■ **DATA**:
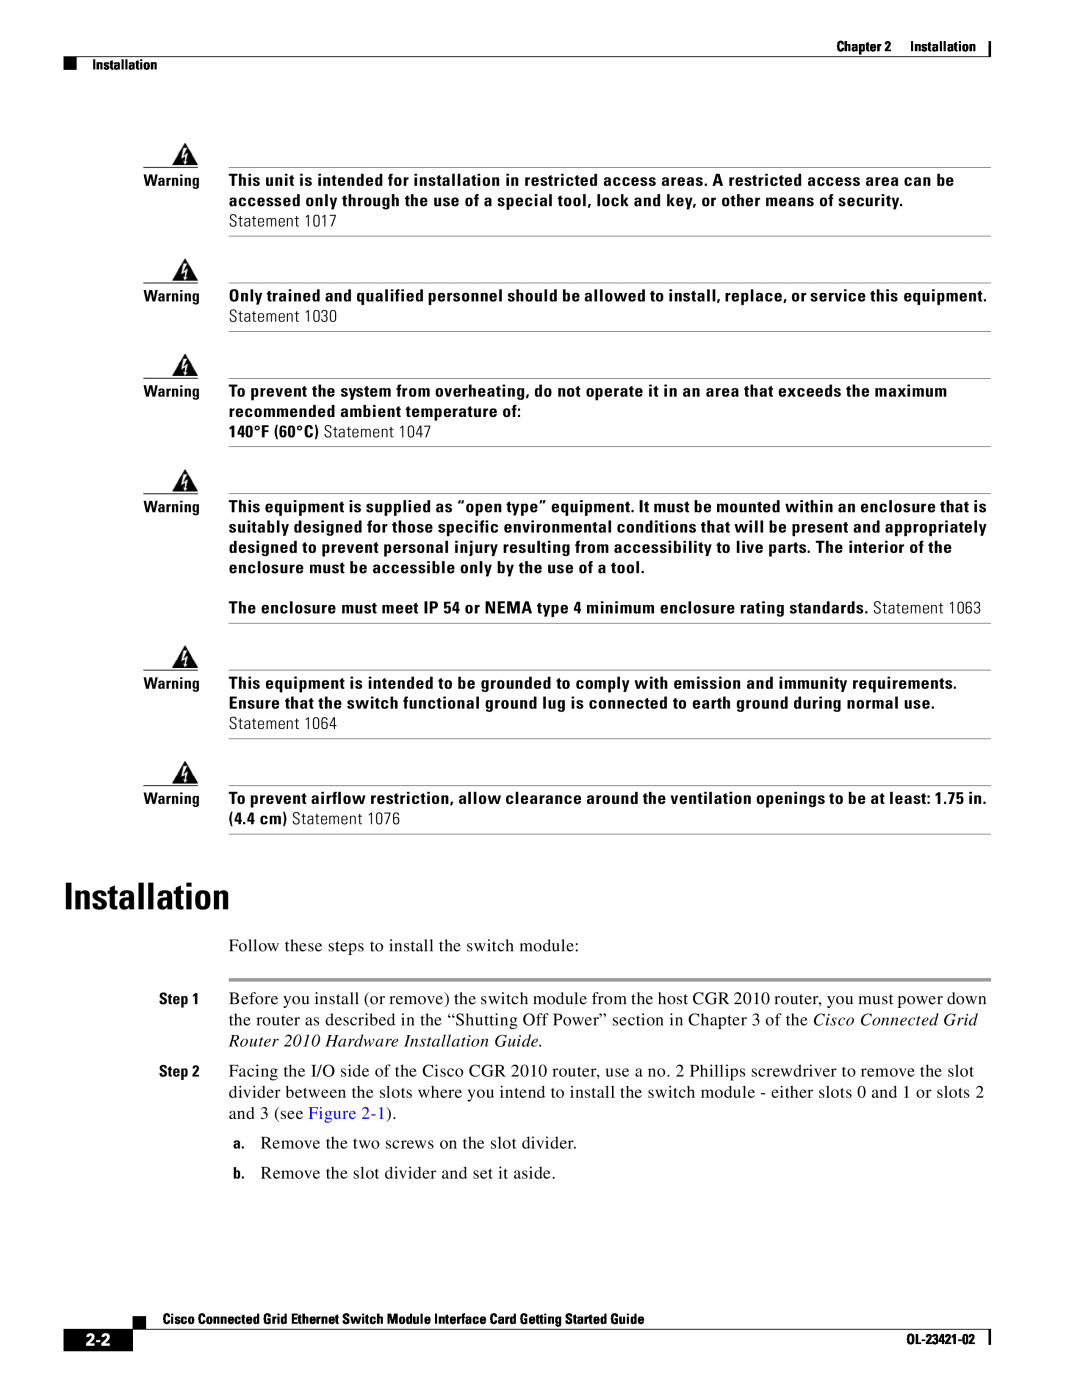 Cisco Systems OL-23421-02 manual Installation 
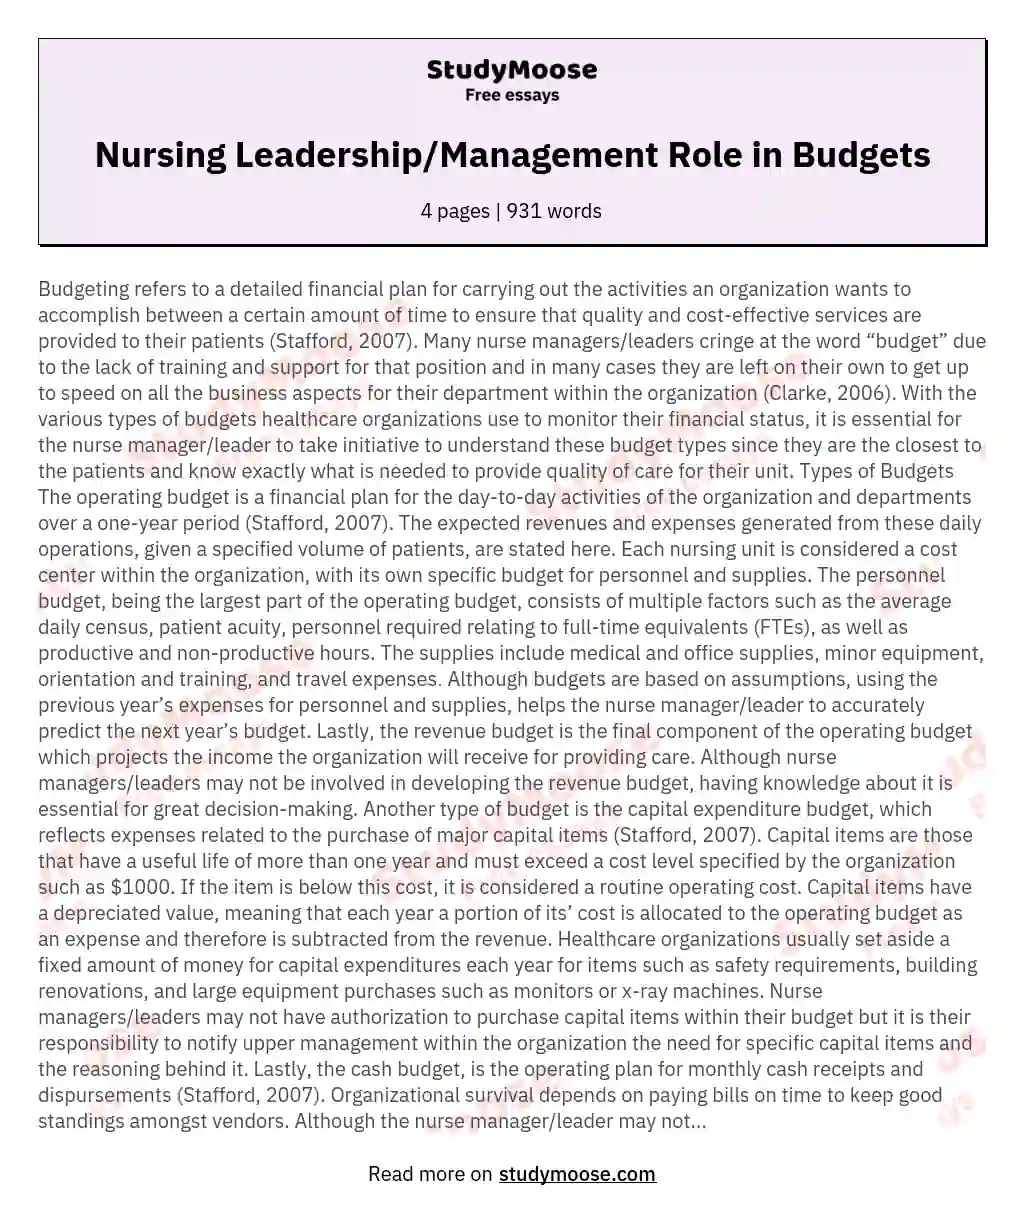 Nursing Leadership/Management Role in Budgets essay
* * *
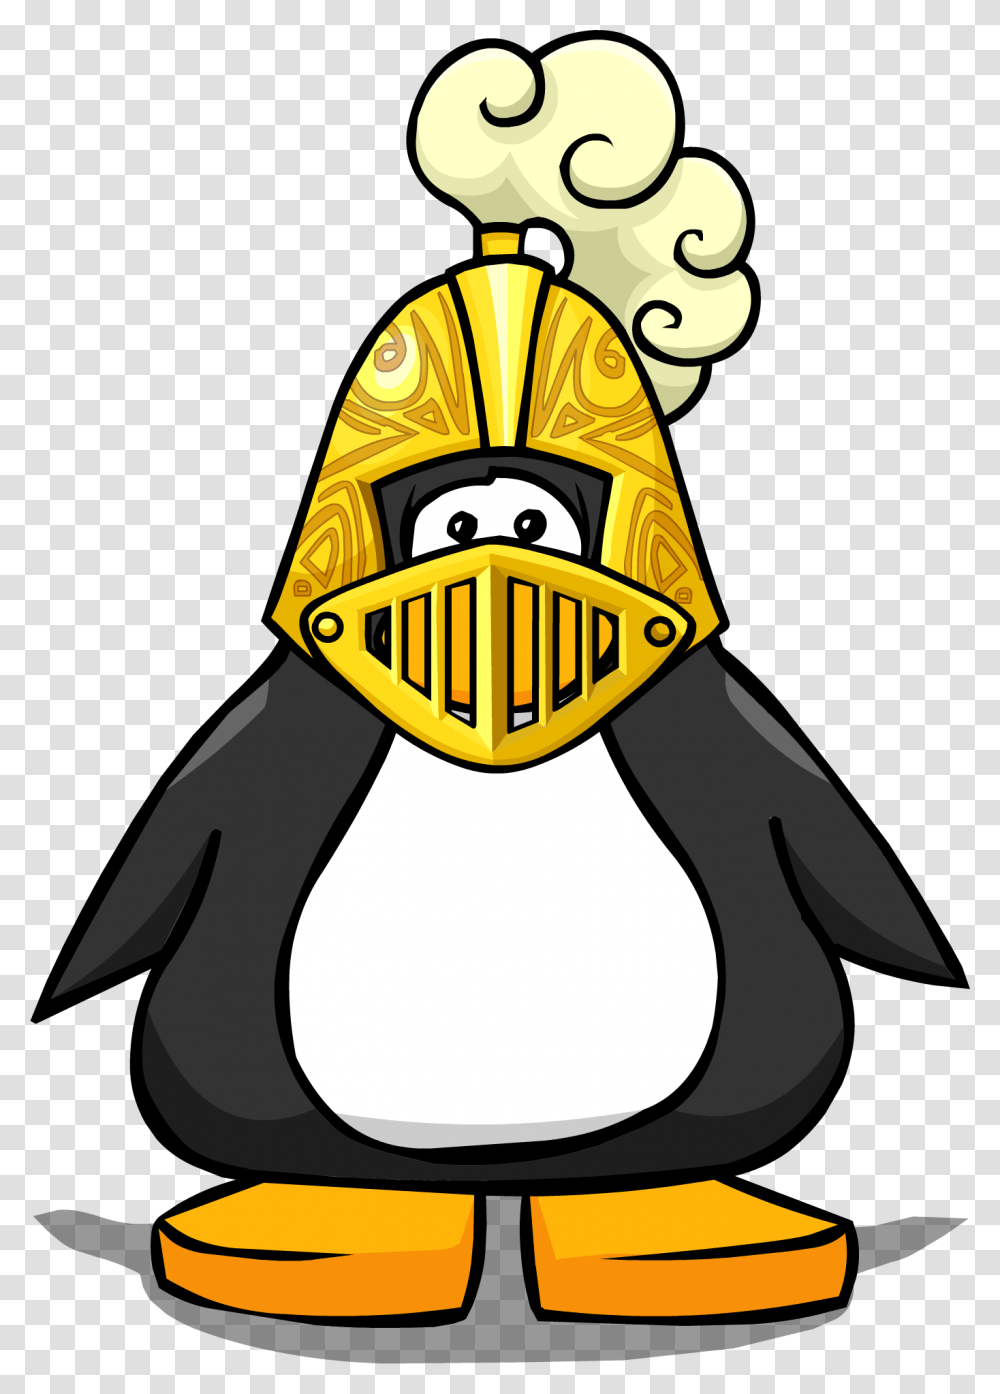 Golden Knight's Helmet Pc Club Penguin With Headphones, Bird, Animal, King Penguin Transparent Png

■ **TASK DIRECTIONS**:
Please print the lines above word for word, starting at the one with "Cisco Systems OL-23421-02" and ending at the one with "Nursing Leadership/Management Role", both included, and without any picture.

■ **WRITTEN RESPONSE**:
 Cisco Systems OL-23421-02 manual Installation 
 Nursing Leadership/Management Role in Budgets essay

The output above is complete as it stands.